We've responded to RFPs from Gulf brands every quarter for the last three years. The structure is consistent: forty to sixty pages, twenty sections, a creative challenge, three case-study requests, a full org-chart breakdown, day rates by role, and an exhaustive list of platform certifications. The form takes a senior team a working week to fill in properly.
About 70% of the content is asking the wrong questions.
The traditional RFP was designed to evaluate a labour model — how many people, at what seniority, on what platforms, billed at what rate. When the work was done by people, that template made sense. When most execution is done by agents, the template is asking about the wrong layer of the system.
The five things an AI-native agency actually needs to brief properly fit on one page.
1. The metric you're being measured on
Not "we want to grow." Not "improve marketing performance." The single number that, if it moves, gets your CMO promoted, and if it doesn't, gets uncomfortable in the next board meeting.
For most performance-driven brands this is one of: blended CAC, contribution margin on marketing-attributed revenue, ROAS at a target spend level, qualified pipeline, or net revenue retention if you have a subscription model. Pick one. Pick the right one. Tell us what you currently are on it and what you need to be on it by when.
This single sentence does more to align an engagement than anything else in a typical RFP.
2. The constraint you can't change
Every brand has at least one constraint that's non-negotiable and is rarely surfaced clearly: a regulatory restriction, a brand-positioning rule, a parent-company guideline, a CEO veto on certain channels, a budget envelope that won't move. The constraint shapes the entire strategy and is usually buried on page 38 of the RFP under "considerations."
Putting it on page one saves three weeks of wasted strategy work.
3. The data we're allowed to use
An AI-native engagement is data-bound. The agents are only as good as what they're given. The agency needs to know upfront:
- What customer data exists, where it lives, and which legal entity owns it.
- What the agency will and won't be granted access to.
- What's in scope for unification (a CDP build, schema work, identity stitching).
- Which compliance regimes apply — UAE PDPL, KSA PDPL, GDPR for cross-border audiences, sector-specific rules.
If the answer to any of these is "we don't know," that's the actual first deliverable, and it's usually an VIMD01 engagement before anything else can ship.
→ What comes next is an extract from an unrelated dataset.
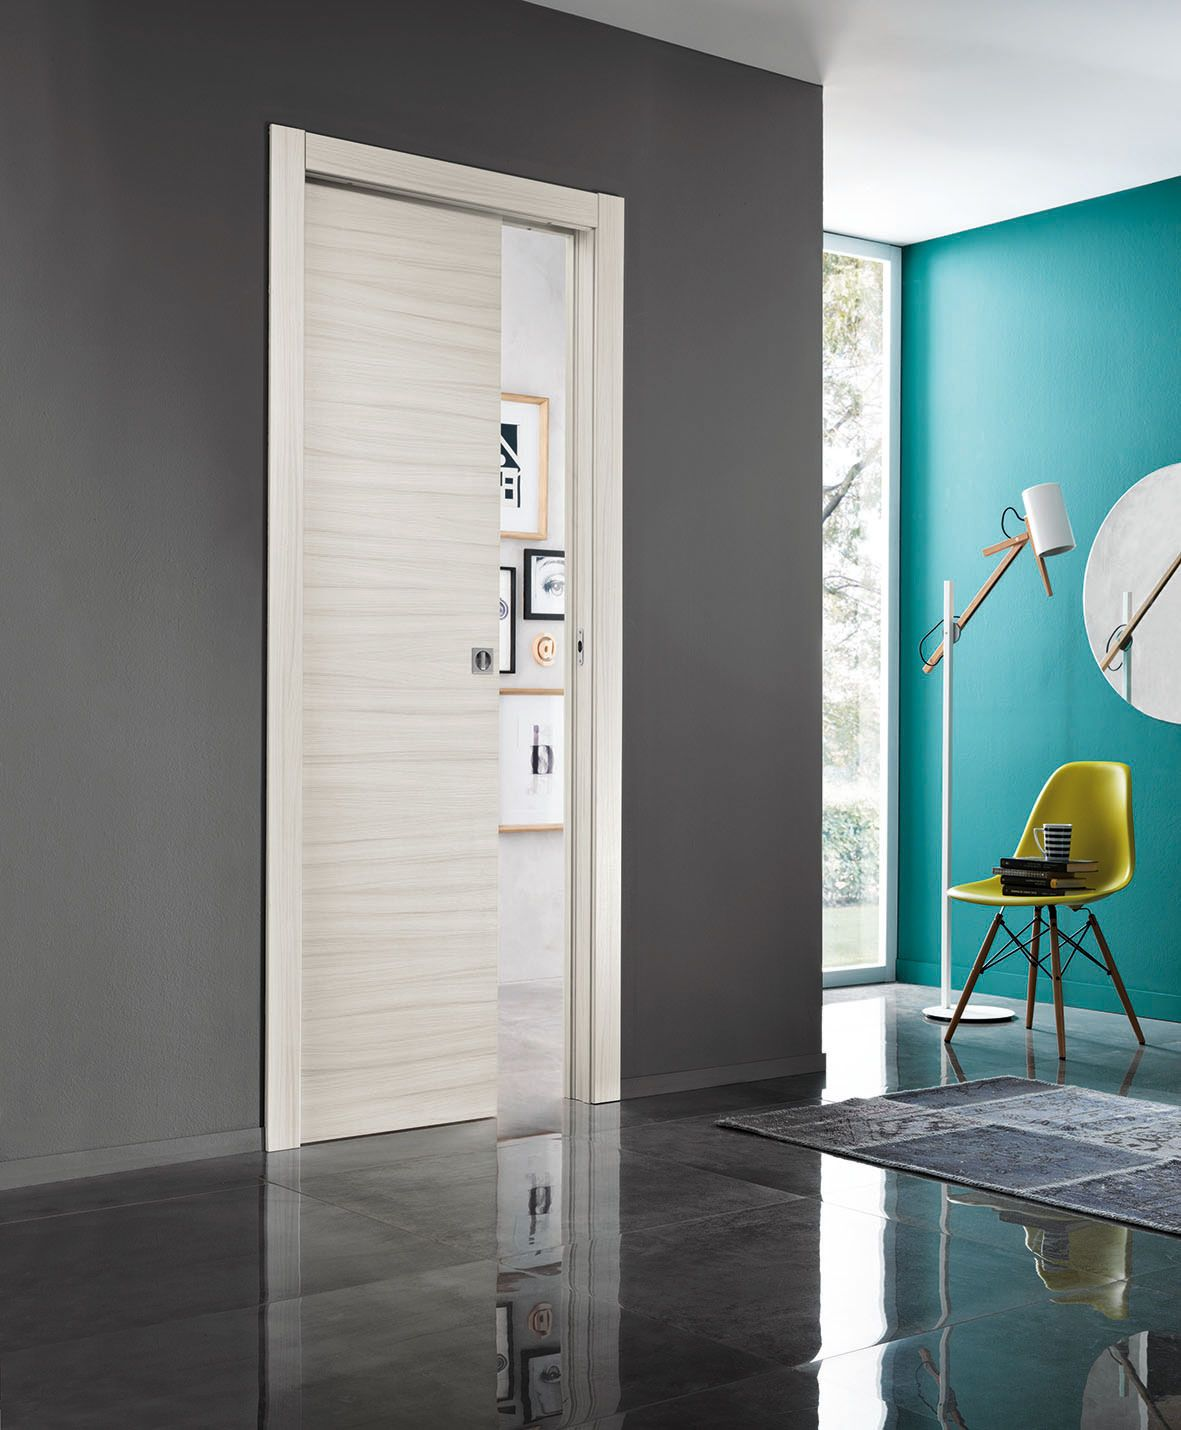 Porta Scrigno 60 Cm porte comfort e trésor by scrigno: eleganza, design e
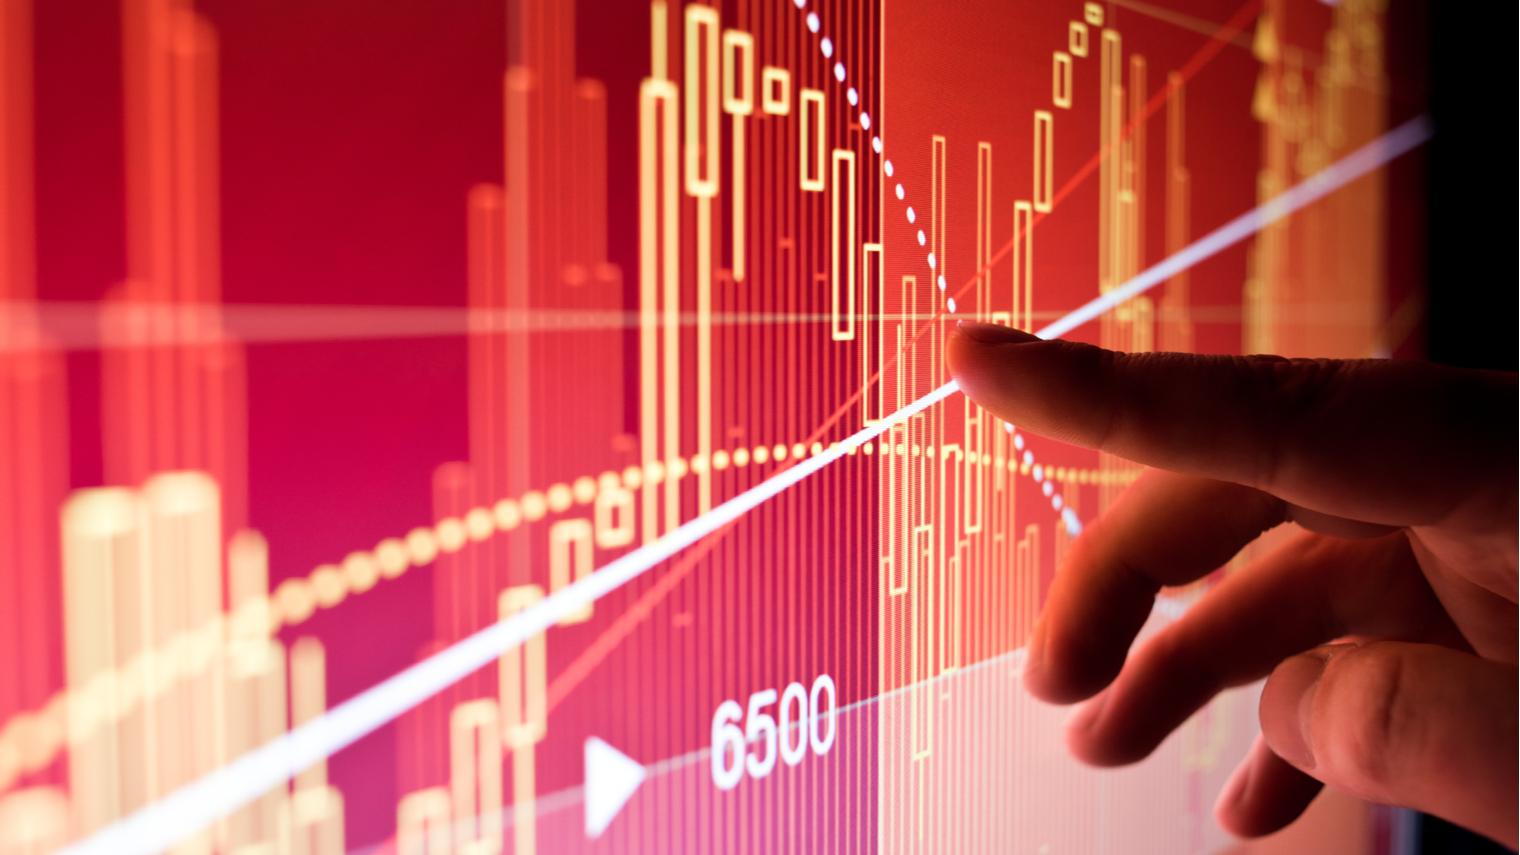 Graph of financial data

4. Your channels and stack — current state
Not a wish list. Current state. Which platforms you currently spend on, which CRM you use, which analytics layer is the source of truth, where the data is brittle. A short, honest paragraph beats a polished platform-architecture diagram. The brittleness is the most important part — that's where the engagement will spend its first three weeks regardless of what the formal scope says.
5. How decisions actually get made
The decision-making structure on the client side is the single biggest determinant of how fast an engagement can move. We need to know:
- Who can approve a creative archetype within 48 hours?
- Who can authorise a budget shift between channels?
- Who has veto power on positioning?
- What needs to go to a parent-company review board, and on what cadence?
An AI-native engagement runs at machine speed on the execution side. If the client's decision velocity is measured in weeks, the agents idle. The mismatch is the most common reason engagements underperform expectations — not anything to do with the technology.
What we don't need from you
To save your team a working week, you can skip:
- The exhaustive proposed-team org chart. The team is small. The agents do most of the execution. We'll tell you which humans are on your account; you'll meet them in week one.
- The day-rate breakdown by role. We don't bill hourly. The pricing structure is described in section 7 of our standard SOW and is the same across engagements at a given size.
- The platform certifications list. We're certified where it matters; the agents don't have certifications, they have measurable outcomes.
- A speculative creative response. Spec creative produced before discovery is essentially decorative. We'd rather show you live work from comparable brands and a Day-30 plan once we have access to your data.
- A philosophical AI position paper. Our position on AI is the agency itself. The website covers it.
We respond to RFPs that ask for these things — that's the procurement reality in the Gulf right now — but the response is mostly compliance, not signal. The actual decision should be made on the five questions above.
The fast path
If you want to move quickly, the fastest brief we've ever shipped from was a thirty-minute call followed by a two-page document covering the five points above. We had a Day-30 plan back to the client within nine working days, agent infrastructure standing up by Day-21, and first creative live by Day-32. That speed wasn't because the client was small or simple — it was a multi-property hospitality brand. The speed came from the brief being honest, focused, and free of the procurement scaffolding that usually wraps these decisions.
The traditional RFP is a high-friction filter that selects for agencies willing to do the most procurement compliance, not the most strategic clarity. In an AI-native model, that selection bias is exactly the wrong way around.
If you're issuing an RFP for marketing work in 2026, our suggestion is simple: keep the procurement form for compliance, but lead with the one-pager. The agencies that respond to the one-pager well are the ones you should shortlist. The ones that pad their response with an irrelevant org chart are the ones still selling 2015's labour model.